2021-05-23 13:46齊江華梁福東劉利兵李儒家梁鵬
甘肅醫藥 2021年5期
關鍵詞:黑色素瘤惡性局部

齊江華 梁福東 劉利兵 李儒家 梁鵬

甘肅省腫瘤醫院,甘肅 蘭州730050

惡性黑色素瘤目前發病人數每年以3%~5%的增速增長,成為全球增速最快的惡性腫瘤,其發病率占皮膚腫瘤第三位[1]。依據國內外惡性黑色素瘤治療指南指導原則,主要治療方法是依據腫瘤臨床分期選擇手術切除病灶并聯合相關藥物治療[2]。

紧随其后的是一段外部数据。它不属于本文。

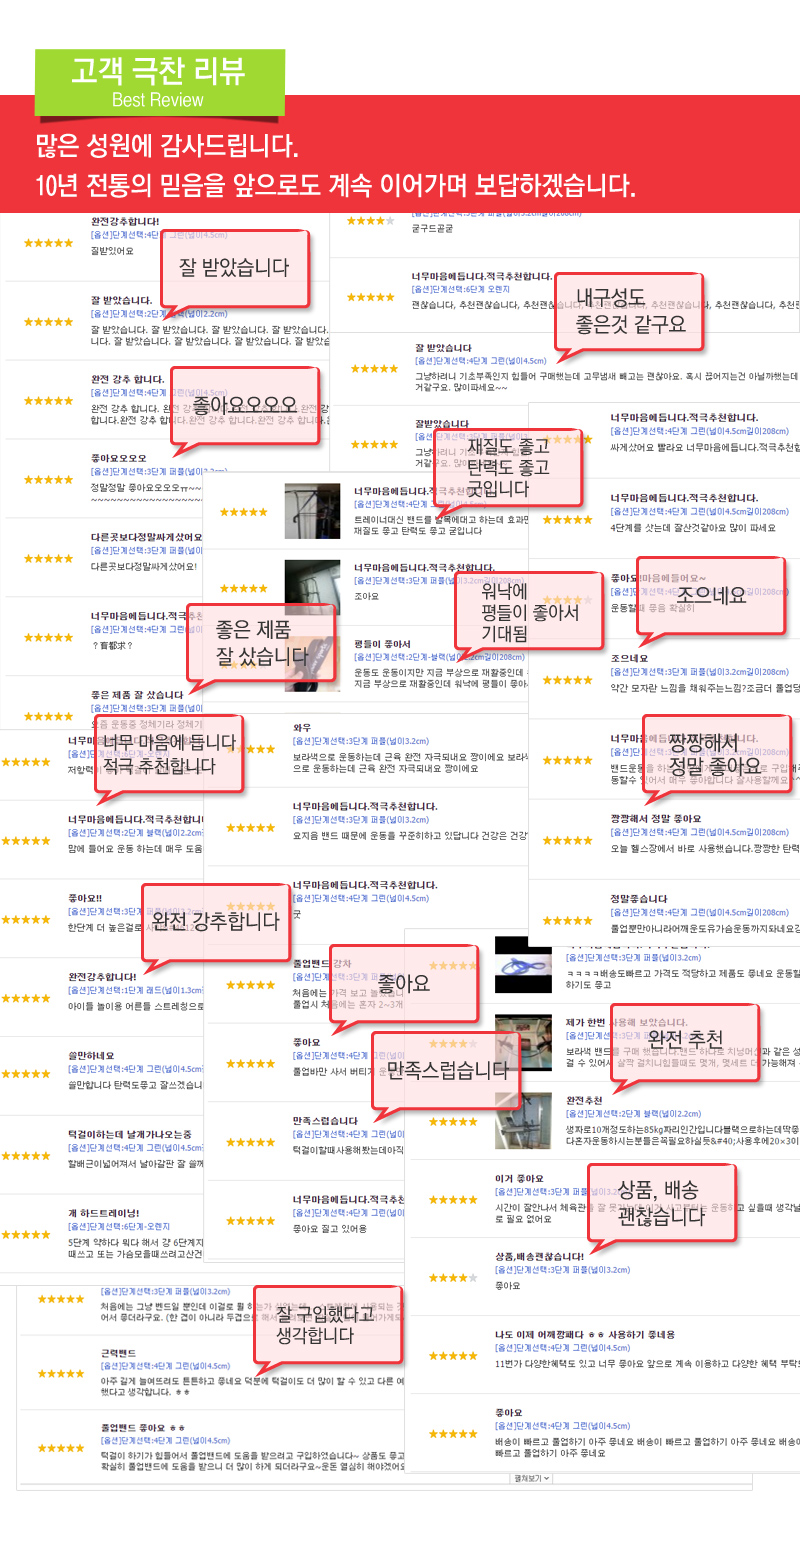 멜킨스포츠 EPP 마사지볼 듀얼 땅콩볼 - 멜킨스포츠, 11,900원, 운동기구/소품, 운동소품

由于惡性黑色素瘤惡性程度極高,易早期轉移,預后差,患者長期生存率低,局部手術切除及藥物治療往往難以起到理想的臨床效果[3]。目前國際上對部分惡性黑色素瘤患者行肢體隔離熱灌注化療術(hyperthermic isolated limb perfusion,HILP),取得了良好的臨床效果,并已寫入惡性黑色素瘤治療指南之中[4]。盡管HILP在治療惡性黑色素瘤方面取得了理想的臨床療效,但由于這種手術操作流程復雜,環節多,對術者的手術技巧有較高的要求,目前開展這項手術的國家和地區并不多,并且臨床療效受到多種因素的影響,針對其臨床效果尤其是腫瘤病灶局部治療效果的研究并不多見[5]。本研究針對我科多年HILP患者病歷資料及治療經驗,統計患者年齡、性別、灌注溫度、藥物種類等因素,分析其對患者局部腫瘤病灶療效及腫瘤細胞壞死率的作用效果,作為患者治療方案選擇及判斷臨床預后的依據。

1 資料與方法

1.1 一般資料選取2002年1月至2020年6月我院治療及隨訪病歷資料相對完整行HILP的惡性黑色素瘤患者97例。其中男性59例,女性38例;年齡45~72歲,中位年齡65歲;TNM分期為Ⅱa期20例,Ⅱb期41例,Ⅱc期36例。將選取的患者按年齡分為高(>60歲,16例),中(50~60歲,54例),低(<50歲,27例)三組;按性別分為男(59例)、女(38例)兩組;灌注溫度分為低溫(<40℃,28例)、高溫(40℃~42℃,50例)和超高溫(>42℃,19例)三組。按灌注藥物分為達卡巴嗪(16例)和順鉑(81例)兩組。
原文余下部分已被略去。